As the five-week, mostly outdoors shoot began outside Montreal, some of the most unpredictable summer weather in recent Canadian history caused delay after disastrous delay, and Mantello had to choose which incidental scenes would survive in McNally's already-abridged screen adaptation (the play ran three hours; the movie had to run two). "We could not go one minute over 25 days, because Fine Line wouldn't pay for that," says Mantello. "There was about a week and a half when our completion-bond company was checking in with us every day, saying 'Shoot, shoot, shoot! It doesn't matter if nothing matches!'"

"The pressure was enormous," says Glover, who recalls producer Doug Chapin appearing on set to call out, "Move on, move on — we've gotta get to another setup!" But Mantello often overrode him. "If it wasn't the take he had wanted...Joe would say: 'No, no. One more take.' He'd let us go again, and he was strong in that."

Once the shoot wrapped, however, the problem the filmmakers thought they'd take the most heat for — the considerable frontal male nudity — never materialized. "We didn't want to get coy about draping legs just so, but we also didn't want to flaunt it in people's faces," says Mantello. "Our attitude was, if you saw somebody's d---, you saw it and if you didn't, you didn't. It just seemed natural and innocent that way." That, he guesses, is why the MPAA not only came back with an R rating instead of an NC-17 but complimented the filmmakers for making "a really tasteful film. We were shocked. But we said, 'Um, gee, thanks.'"

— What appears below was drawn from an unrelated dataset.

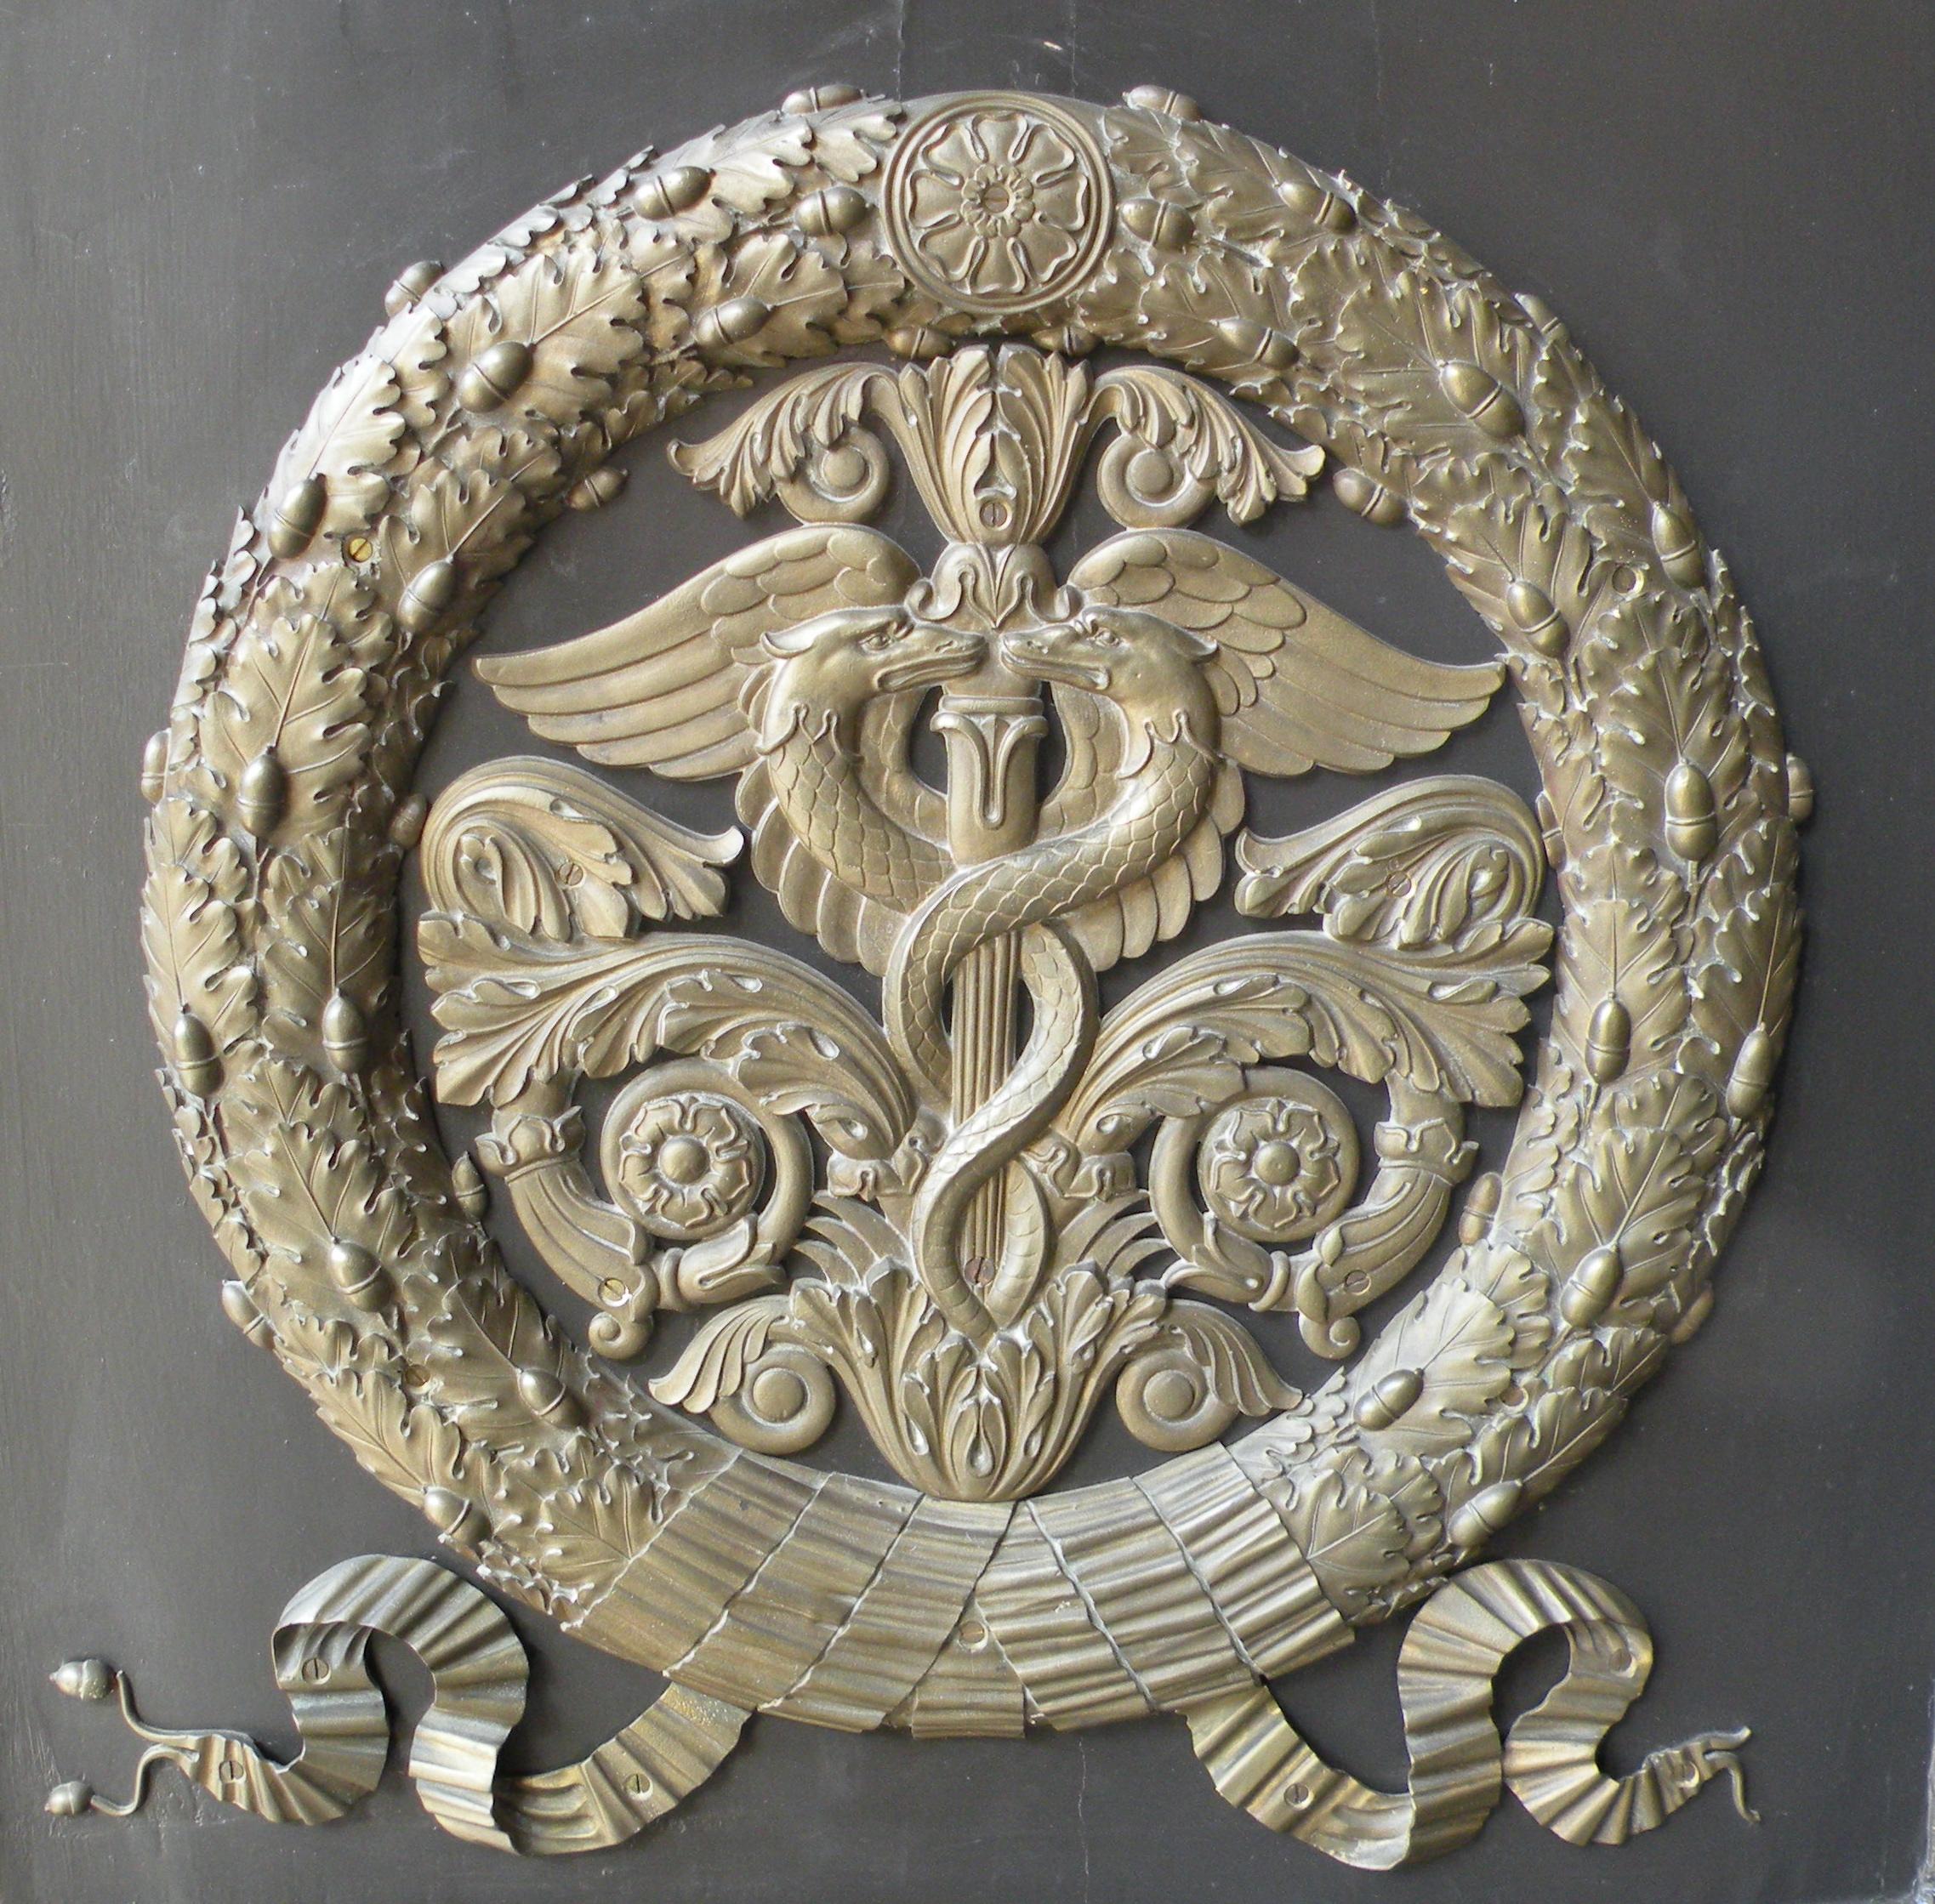 File decor porte ext salon casimir wikimedia for Plaque decorative porte
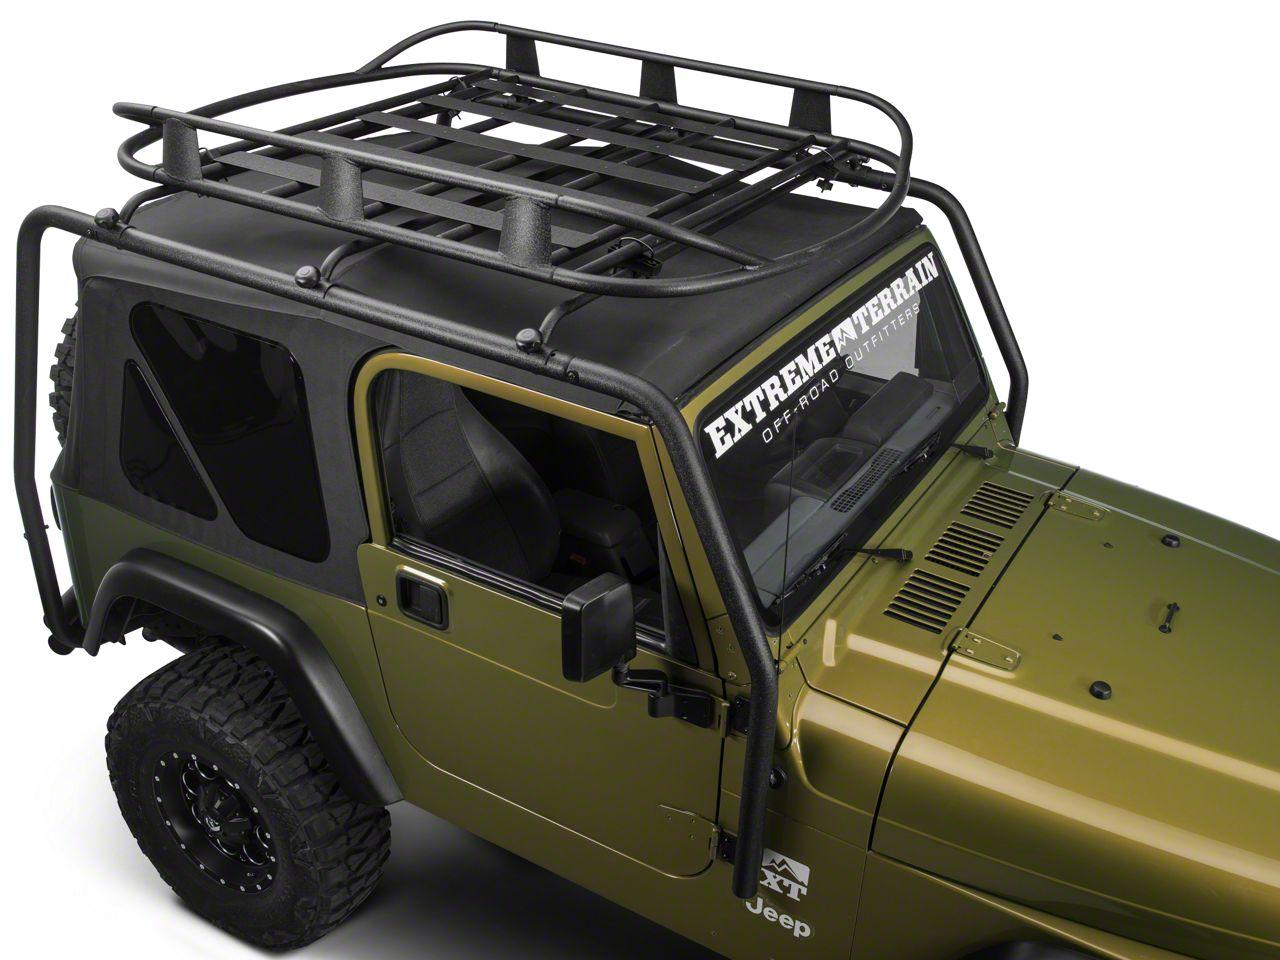 Barricade Jeep Wrangler Roof Rack Basket Textured Black J100175b 87 06 Jeep Wrangler Yj Tj

In the end, Fine Line's marketing staff may well wish the MPAA had balked: By all accounts, they were counting on a controversy to help sell the movie. "The $64,000 question is, who's the audience?" says Alexander. "Well, the gay community will probably come. The art-house community will probably come. We think it'll be a movie that critics take to. But after that audience is exhausted? My folks are not homophobic, but I don't think they've ever seen two men kissing, and I don't know how comfortable that would make them on a huge screen, with no place else to look. My mom kept saying [during shooting] 'When is it coming out?' And I had to honestly say to her, 'You know, I'm not sure that this is gonna be one where you wanna bring everybody from the condo.'

"Mostly," continues Alexander, working up into punchline mode, "because tutus are not flattering to anybody, especially to me." Ranging his voice into flighty Buzz altitudes, he falls completely into character. "Those things make my breasts look very small. Not to mention I come off very hippy."